How does this place still exsist? They may not import anymore (though most people seem to think they still do and sell them as UK reared), but the neglect and poor standards are blatantly obvious.


----------



## Zoo-Man (Apr 12, 2008)

Report them to the local council if you are concerned


----------



## LisaLQ (Jan 29, 2009)

I'd report them to both the council and RSPCA. But I doubt either will do anything - they rarely do. As long as the council get their money they're not fussed, and the RSPCA are often as useful as a chocolate teapot.

I'd still do it though! Failing that, a nice letter to the newspaper might help!


----------



## mattm (Jul 18, 2008)

I assume you mean Sundridge.

Am in their every month almost. Never buy anything - just to look. I would never support them though. I have reported them in the past. They now sell puppies and kittens too.

They still specialize in parrots and exotic birds but they seem to be the sort of pet shop where you could get anything if you wanted it and paid the price. They unfortunately seem to do quite well and are always expanding. It always smells when I go in there, particularly near where the puppies are. 

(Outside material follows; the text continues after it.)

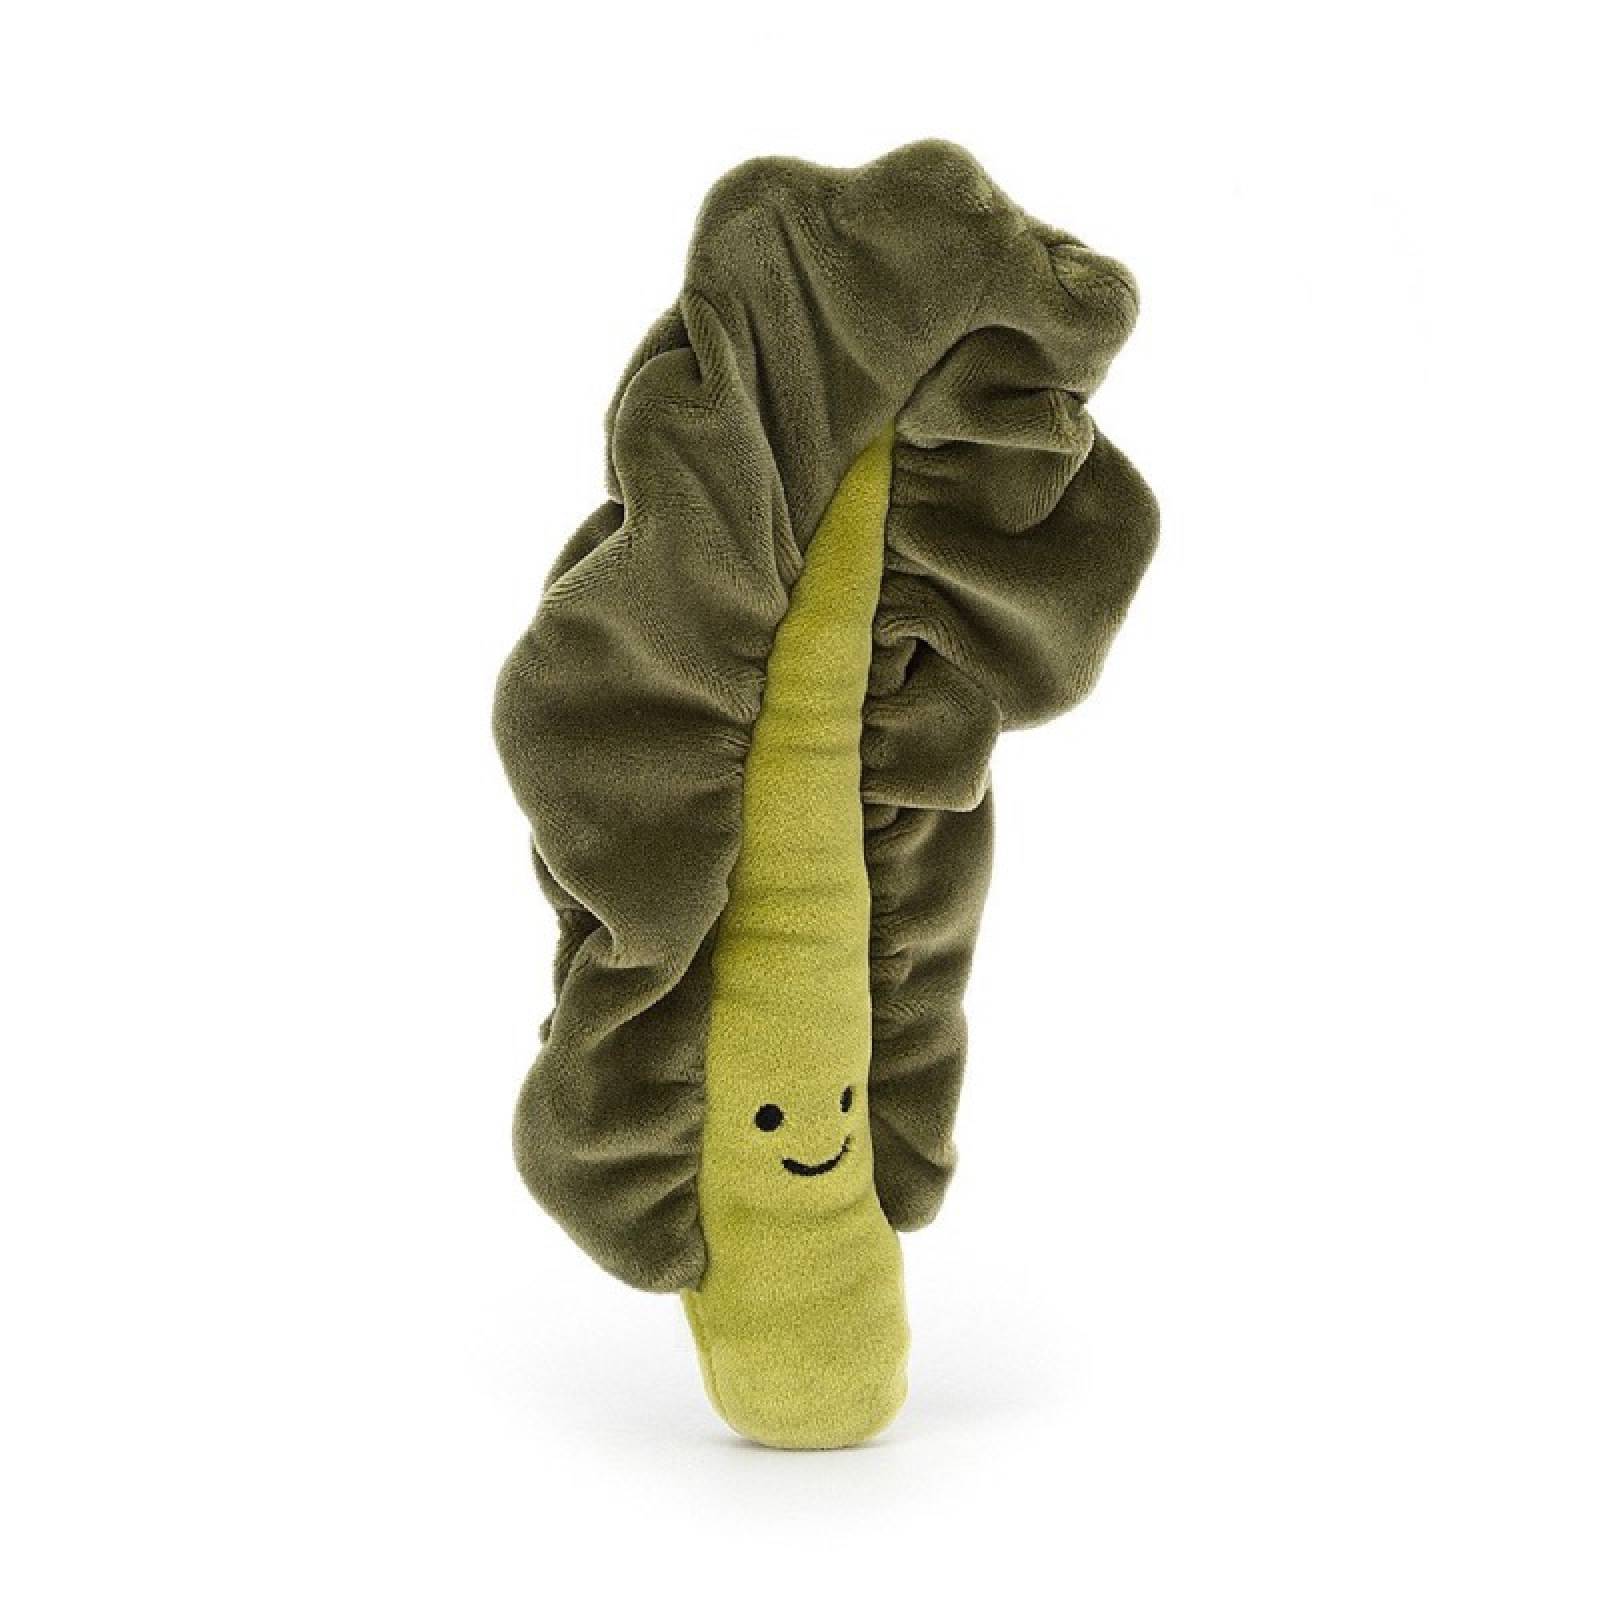 Vivacious Vegetable Kale Leaf Soft Toy By Jellycat

Every single time I have been in the puppies have been in large plastic "crates" not big enough for permanent rabbit housing - I can only hope and assume that before opening and after closing times they get some sort of play time. They're seperated by breed for some absurd reason too, meaning sometimes one puppy is left alone during its most important socialization period.

It did used to be called safari select but the section that sells the usuals (rabbits, guinea pigs etc) and now the kittens (to compete with puppies I assume) are called Barkers Pets and the bit with the parrots, exotics and puppies is called Select Exotics. Puppies: Home - Select Puppies Exotics: Select Exotics - Hand Reared Parrots 

I do suspect they still support WC and I believe Select Exotics/Puppies is just a name change from Safari Select rather than a company change.

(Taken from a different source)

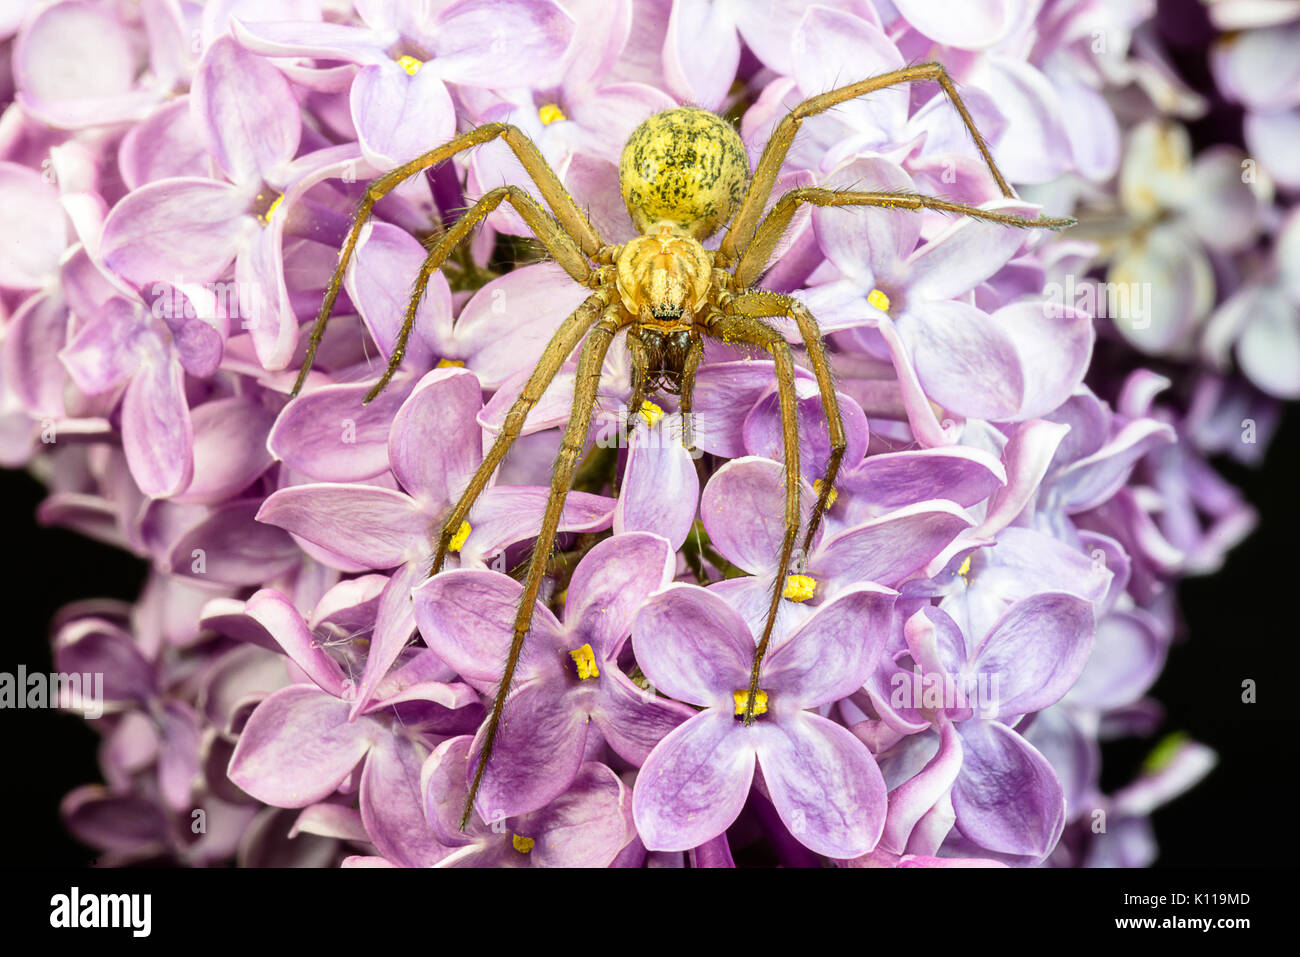 Closeup of a giant big fat spider on a common lilac flower Stock Photo

My personal advice is don't support them!


----------



## mattm (Jul 18, 2008)

> Yes, we have our own in-house Export/Import service and we can arrange shipments of your birds direct with the airlines to anywhere in the world - thus eliminating the costs involved in utilising an agent.
> We can arrange importation from any origin and exportation to any destination Worldwide with a fast and friendly service.


Quote from the FAQ section of their website. Looks like they could easily import W.C. parrots without much legal hassle if they wanted too.


----------



## Zoo-Man (Apr 12, 2008)

Just looked at the puppy site - you can see the plastic tubs that the pups are housed in (I'm assuming). 

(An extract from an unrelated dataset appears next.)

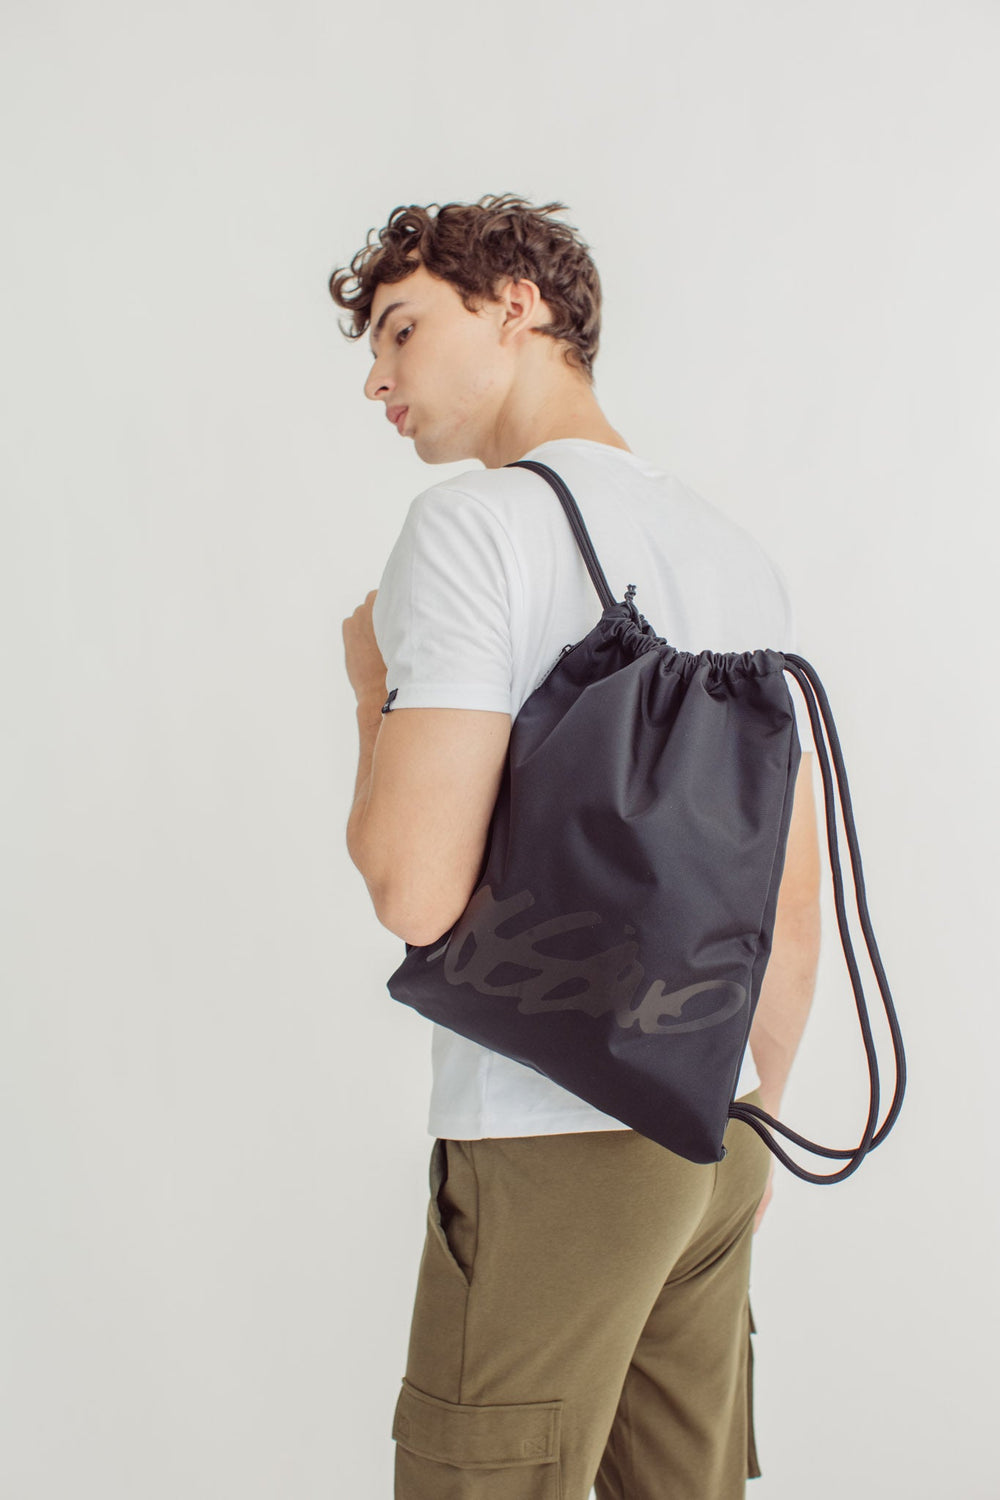 Kevin Mossimo Men's Back Pack - Mossimo PH

And they are selling T-cup Yorkies - Yeah right! :lol2:


----------



## fenwoman (Apr 15, 2008)

snailkeeper said:


> dont bother ! dirty..overpriced...it used to be safari select.was was closed down..that was next door to the new place..i wonder why ????


 ahhhh safari select. That name sends shudders down my spine. I always thought that Phil Dobson would manage to keep his finger in the parrot pie. It's too lucrative a market to stay out of.


----------



## mattm (Jul 18, 2008)

> Just looked at the puppy site - you can see the plastic tubs that the pups are housed in (I'm assuming).


Yeah. They're awful.


----------



## fenwoman (Apr 15, 2008)

No puppies are KC registered.
The yorkies come in plain black or black and tan :gasp: There is no such thing as a plain back yorkie. Nor even a black and tan one. They are born black and tan and mature out to blue and tan.
Needless to say all puppies will have been bred on puppy farms. Still, as long as those with more money than sense, buy puppies from places like this because it is convenient, and similar to buying groceries in a supermarket, and you don't have to answer any awkward questions from a breeder, or do any research, you just go along on a whim, point at a puppy you like the look of, point out the bed, the kennel, the lead and collar you like the look of, then pay with a credit card, load up the car and go home. Just like Tesco for puppies really so much easier than doing some research and then looking for a responsible breeder.
But as long as people like that exist, who want the easiest option, places like select puppies will stay in business.


----------



## mattm (Jul 18, 2008)

fenwoman said:


> No puppies are KC registered.
> The yorkies come in plain black or black and tan :gasp: There is no such thing as a plain back yorkie. Nor even a black and tan one. They are born black and tan and mature out to blue and tan.
> Needless to say all puppies will have been bred on puppy farms. Still, as long as those with more money than sense, buy puppies from places like this because it is convenient, and similar to buying groceries in a supermarket, and you don't have to answer any awkward questions from a breeder, or do any research, you just go along on a whim, point at a puppy you like the look of, point out the bed, the kennel, the lead and collar you like the look of, then pay with a credit card, load up the car and go home. Just like Tesco for puppies really so much easier than doing some research and then looking for a responsible breeder.
> But as long as people like that exist, who want the easiest option, places like select puppies will stay in business.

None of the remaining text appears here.